奇跡
「シリカっ! どうした!?」
僕の叫びもむなしく、シリカは倒れたまま何の反応も示さない。
――ま、まさか、シリカが消えてしまう!?
早く彼女の所に行かなくちゃ!
必死に車椅子を走らせる。が、焦れば焦るほど前には進まない。
花畑に近づくと、今度は車輪が土に埋まって動かなくなってしまった。
勢い余って身を乗り出した僕は、車椅子から転げ落ちる。
「くそっ、こんな時に!」
足がうまく動かせないのがもどかしい。
這いながら、転がりながら、泥だらけになって、やっとのことでシリカのところに辿り着いた。
幸いなことに、まだ彼女は消えていなかった。
「おい、シリカ! シリカっ!!」
横たわるシリカの肩に手をかけてゆすってみる。すると「ううん……」と彼女の口からうめき声が聞こえてきた。
どうやらシリカは気を失っているようだ。
「おい、起きろ。シリカ、起きろ!」
僕は叫んでみるが、一向に起きる気配はない。
仕方が無いのでシリカの横に足を伸ばして座り、上半身を抱きかかえるようにして自分の膝の上に彼女の頭を乗せ、上向きに寝かせてあげる。

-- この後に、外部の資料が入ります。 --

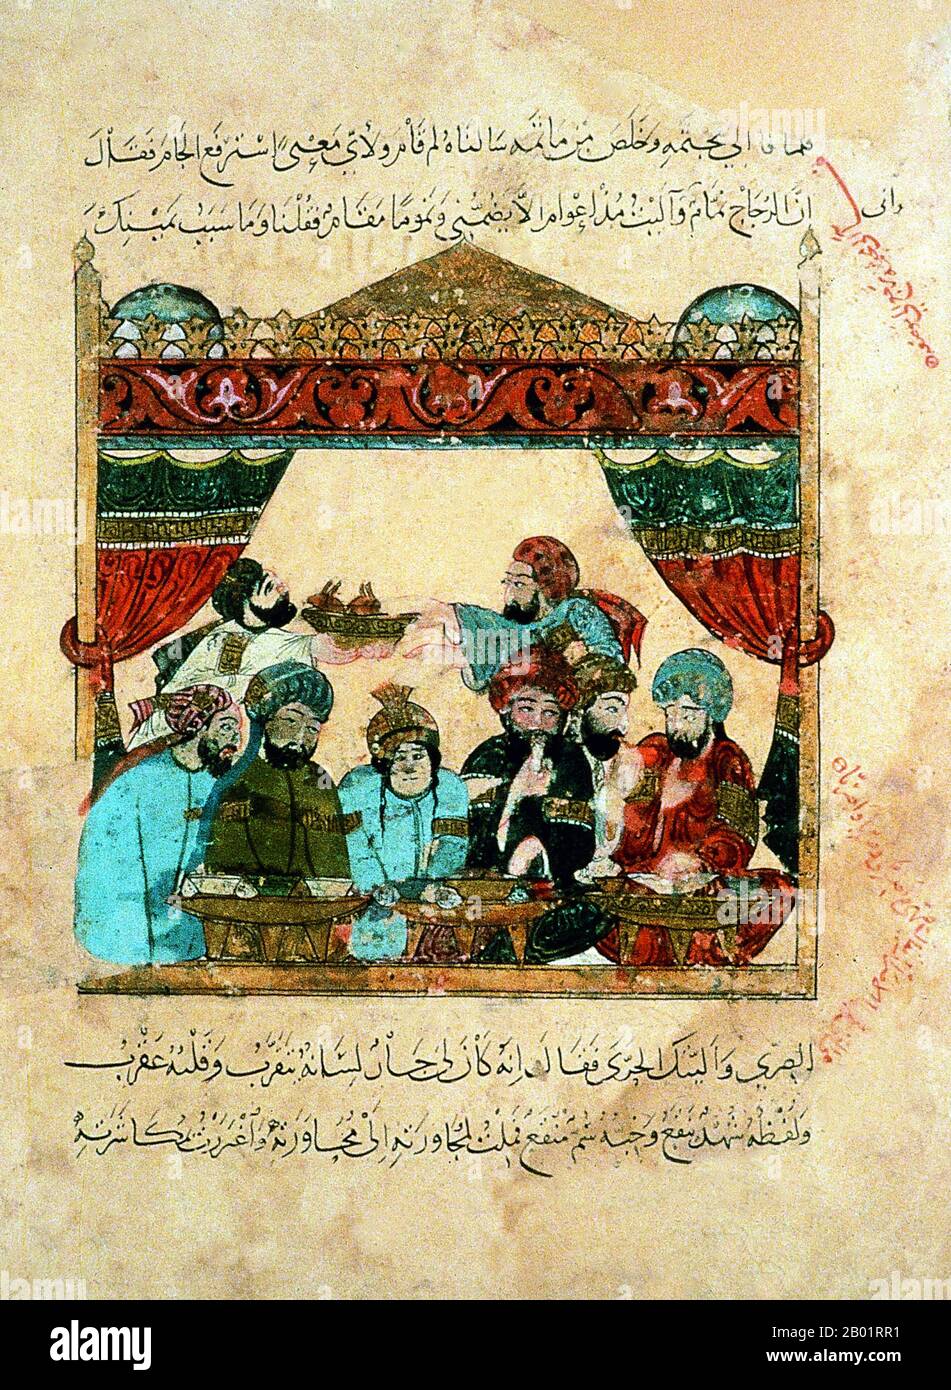 Iraq: Una festa. Pittura in miniatura di Yahya ibn Mahmud al-Wasiti, 1237 d.C. Yahyâ ibn Mahmûd al-Wâsitî è stato un artista arabo islamico del XIII secolo. Al-Wasiti è nato a Wasit, nel sud dell'Iraq. Era noto per le sue illustrazioni del Maqam di al-Hariri. I Maqāma (letteralmente "assemblee") sono un genere letterario arabo (originariamente) di prosa rimata con intervalli di poesia in cui la stravaganza retorica è evidente. Si dice che l'autore del X secolo Badī' al-Zaman al-Hamadhāni abbia inventato la forma, che fu estesa da al-Hariri di Bassora nel secolo successivo. Foto Stock

目を閉じる彼女は、特に苦しそうな顔をしているわけではない。
それどころか、時折口元をもごもごと動かし、楽しそうな表情を見せる。それはまるで夢を見ているかのように。
そういえば、僕もシリカと同じようにこの花畑で倒れたことがあった。
あの時は、頭の中に何かが入って来たような感じがしたんだっけ。それから僕は、青白く光る女性の夢を見るようになった。
ということは、シリカも何か夢を見ているのだろうか。
「シリカが匂いを嗅いでいた花ってこれだよな……」
だんだんと落ち着いてきた僕は、目の前の花を観察する余裕が生まれてきた。
「これって、シリカが育てていた花じゃないぞ……」
彼女が匂いを嗅いでいた花は、嵐の日に彼女が守った花ではなく、その右隣の花だったのだ。
見間違いなんかじゃない。だって、彼女が守った花は前に重し石が置かれている。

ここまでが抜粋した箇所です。